[[ Records to use open ]]

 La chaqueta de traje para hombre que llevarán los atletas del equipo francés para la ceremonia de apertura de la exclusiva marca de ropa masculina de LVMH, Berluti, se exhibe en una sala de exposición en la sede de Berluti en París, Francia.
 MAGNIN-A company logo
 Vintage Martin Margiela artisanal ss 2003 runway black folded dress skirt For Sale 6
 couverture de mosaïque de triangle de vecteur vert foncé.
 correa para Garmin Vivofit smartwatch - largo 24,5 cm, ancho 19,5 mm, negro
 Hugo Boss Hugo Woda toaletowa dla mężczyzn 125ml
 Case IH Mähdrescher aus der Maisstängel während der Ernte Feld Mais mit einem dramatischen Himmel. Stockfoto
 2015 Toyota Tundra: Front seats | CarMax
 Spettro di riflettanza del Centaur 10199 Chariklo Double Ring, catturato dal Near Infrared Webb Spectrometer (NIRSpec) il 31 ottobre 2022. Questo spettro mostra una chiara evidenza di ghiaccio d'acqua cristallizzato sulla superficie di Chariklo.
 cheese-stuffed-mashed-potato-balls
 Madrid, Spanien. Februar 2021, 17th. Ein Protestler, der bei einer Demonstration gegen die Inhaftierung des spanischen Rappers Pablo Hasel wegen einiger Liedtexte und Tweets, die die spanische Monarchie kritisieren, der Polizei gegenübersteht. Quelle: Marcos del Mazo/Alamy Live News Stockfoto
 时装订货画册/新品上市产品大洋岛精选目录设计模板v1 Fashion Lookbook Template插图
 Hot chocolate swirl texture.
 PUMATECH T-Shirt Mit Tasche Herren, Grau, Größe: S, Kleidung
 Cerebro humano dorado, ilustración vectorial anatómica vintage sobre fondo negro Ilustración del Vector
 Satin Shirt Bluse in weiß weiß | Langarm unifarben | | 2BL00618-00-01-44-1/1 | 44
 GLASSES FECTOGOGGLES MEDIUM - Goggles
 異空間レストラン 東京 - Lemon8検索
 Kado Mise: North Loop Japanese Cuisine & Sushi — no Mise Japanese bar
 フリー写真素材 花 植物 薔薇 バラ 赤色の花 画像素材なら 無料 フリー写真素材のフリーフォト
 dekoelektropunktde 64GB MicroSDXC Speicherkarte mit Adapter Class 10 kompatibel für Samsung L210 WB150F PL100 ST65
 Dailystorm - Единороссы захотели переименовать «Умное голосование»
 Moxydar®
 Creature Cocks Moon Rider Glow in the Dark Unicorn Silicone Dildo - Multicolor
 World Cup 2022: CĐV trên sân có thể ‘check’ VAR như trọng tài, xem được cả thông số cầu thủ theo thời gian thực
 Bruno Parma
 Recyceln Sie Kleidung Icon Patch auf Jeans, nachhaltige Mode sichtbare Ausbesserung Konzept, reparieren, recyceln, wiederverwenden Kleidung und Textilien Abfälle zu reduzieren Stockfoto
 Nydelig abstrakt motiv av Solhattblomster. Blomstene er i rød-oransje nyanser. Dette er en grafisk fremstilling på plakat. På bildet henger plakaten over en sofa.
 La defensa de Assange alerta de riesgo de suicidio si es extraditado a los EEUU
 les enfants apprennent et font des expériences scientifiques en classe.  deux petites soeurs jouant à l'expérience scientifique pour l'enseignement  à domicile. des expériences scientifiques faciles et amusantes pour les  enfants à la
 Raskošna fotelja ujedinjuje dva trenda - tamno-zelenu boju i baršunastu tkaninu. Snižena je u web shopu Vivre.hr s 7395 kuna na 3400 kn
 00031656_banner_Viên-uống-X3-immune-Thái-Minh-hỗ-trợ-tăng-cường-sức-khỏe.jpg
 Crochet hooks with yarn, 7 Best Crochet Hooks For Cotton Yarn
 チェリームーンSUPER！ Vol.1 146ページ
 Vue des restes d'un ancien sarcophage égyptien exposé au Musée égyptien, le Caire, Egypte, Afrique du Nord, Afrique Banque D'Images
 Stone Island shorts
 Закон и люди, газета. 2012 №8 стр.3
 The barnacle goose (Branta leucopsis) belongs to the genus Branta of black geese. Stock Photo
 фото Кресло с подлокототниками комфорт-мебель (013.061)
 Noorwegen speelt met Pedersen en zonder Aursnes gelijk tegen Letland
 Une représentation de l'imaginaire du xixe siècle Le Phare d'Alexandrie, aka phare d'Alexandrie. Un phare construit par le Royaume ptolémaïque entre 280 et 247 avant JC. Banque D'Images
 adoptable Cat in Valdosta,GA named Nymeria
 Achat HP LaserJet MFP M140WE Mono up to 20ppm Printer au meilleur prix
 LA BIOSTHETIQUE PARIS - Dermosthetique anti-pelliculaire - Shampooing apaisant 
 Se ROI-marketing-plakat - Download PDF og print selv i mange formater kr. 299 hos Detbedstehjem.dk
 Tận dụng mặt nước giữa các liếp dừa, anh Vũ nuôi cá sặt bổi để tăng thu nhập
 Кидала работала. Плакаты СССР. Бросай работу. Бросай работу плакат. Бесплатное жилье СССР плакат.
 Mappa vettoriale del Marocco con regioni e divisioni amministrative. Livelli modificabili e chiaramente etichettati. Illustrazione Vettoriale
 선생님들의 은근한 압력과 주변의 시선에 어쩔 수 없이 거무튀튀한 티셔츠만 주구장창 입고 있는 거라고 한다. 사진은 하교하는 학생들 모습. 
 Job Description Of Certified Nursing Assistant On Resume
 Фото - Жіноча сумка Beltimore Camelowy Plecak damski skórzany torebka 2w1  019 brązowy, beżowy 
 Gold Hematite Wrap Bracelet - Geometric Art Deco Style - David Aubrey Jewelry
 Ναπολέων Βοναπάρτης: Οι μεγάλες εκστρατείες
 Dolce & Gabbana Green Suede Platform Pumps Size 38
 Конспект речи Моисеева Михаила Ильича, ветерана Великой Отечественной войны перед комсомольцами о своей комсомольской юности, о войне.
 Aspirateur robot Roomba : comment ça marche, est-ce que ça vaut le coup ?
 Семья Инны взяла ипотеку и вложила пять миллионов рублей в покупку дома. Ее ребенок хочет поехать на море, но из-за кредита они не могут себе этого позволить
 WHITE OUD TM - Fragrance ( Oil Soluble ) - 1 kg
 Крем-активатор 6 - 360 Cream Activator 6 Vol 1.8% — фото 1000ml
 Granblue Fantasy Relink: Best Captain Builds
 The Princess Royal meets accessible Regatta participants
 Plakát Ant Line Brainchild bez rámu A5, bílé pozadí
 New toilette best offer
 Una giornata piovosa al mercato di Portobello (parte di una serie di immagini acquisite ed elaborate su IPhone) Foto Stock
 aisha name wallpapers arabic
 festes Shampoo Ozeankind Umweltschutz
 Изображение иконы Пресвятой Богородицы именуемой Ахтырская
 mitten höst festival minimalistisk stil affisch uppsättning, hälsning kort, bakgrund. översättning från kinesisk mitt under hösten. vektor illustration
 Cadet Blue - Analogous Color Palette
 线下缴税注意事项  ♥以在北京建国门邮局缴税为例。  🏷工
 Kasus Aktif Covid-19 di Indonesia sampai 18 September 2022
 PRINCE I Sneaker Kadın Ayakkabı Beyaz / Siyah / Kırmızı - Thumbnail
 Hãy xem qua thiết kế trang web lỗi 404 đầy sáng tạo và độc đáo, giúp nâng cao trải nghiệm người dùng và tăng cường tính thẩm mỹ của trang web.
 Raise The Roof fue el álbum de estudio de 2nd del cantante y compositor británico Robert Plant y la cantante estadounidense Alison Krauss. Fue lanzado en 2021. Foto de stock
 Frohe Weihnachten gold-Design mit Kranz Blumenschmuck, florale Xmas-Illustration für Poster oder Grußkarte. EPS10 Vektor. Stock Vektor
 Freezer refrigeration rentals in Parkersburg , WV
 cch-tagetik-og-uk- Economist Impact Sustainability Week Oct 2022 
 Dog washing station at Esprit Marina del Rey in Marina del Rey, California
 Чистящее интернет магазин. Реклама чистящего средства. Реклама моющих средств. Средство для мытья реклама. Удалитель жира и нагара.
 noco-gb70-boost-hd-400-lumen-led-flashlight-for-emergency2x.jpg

[[ Records to use closed ]]

→ What is expected
Could you transcribe the entries above word for word, from the line with "Granblue Fantasy Relink: Best Captain Builds" down to the line with "Изображение иконы Пресвятой", keeping both?

→ Written response
 Granblue Fantasy Relink: Best Captain Builds
 The Princess Royal meets accessible Regatta participants
 Plakát Ant Line Brainchild bez rámu A5, bílé pozadí
 New toilette best offer
 Una giornata piovosa al mercato di Portobello (parte di una serie di immagini acquisite ed elaborate su IPhone) Foto Stock
 aisha name wallpapers arabic
 festes Shampoo Ozeankind Umweltschutz
 Изображение иконы Пресвятой Богородицы именуемой Ахтырская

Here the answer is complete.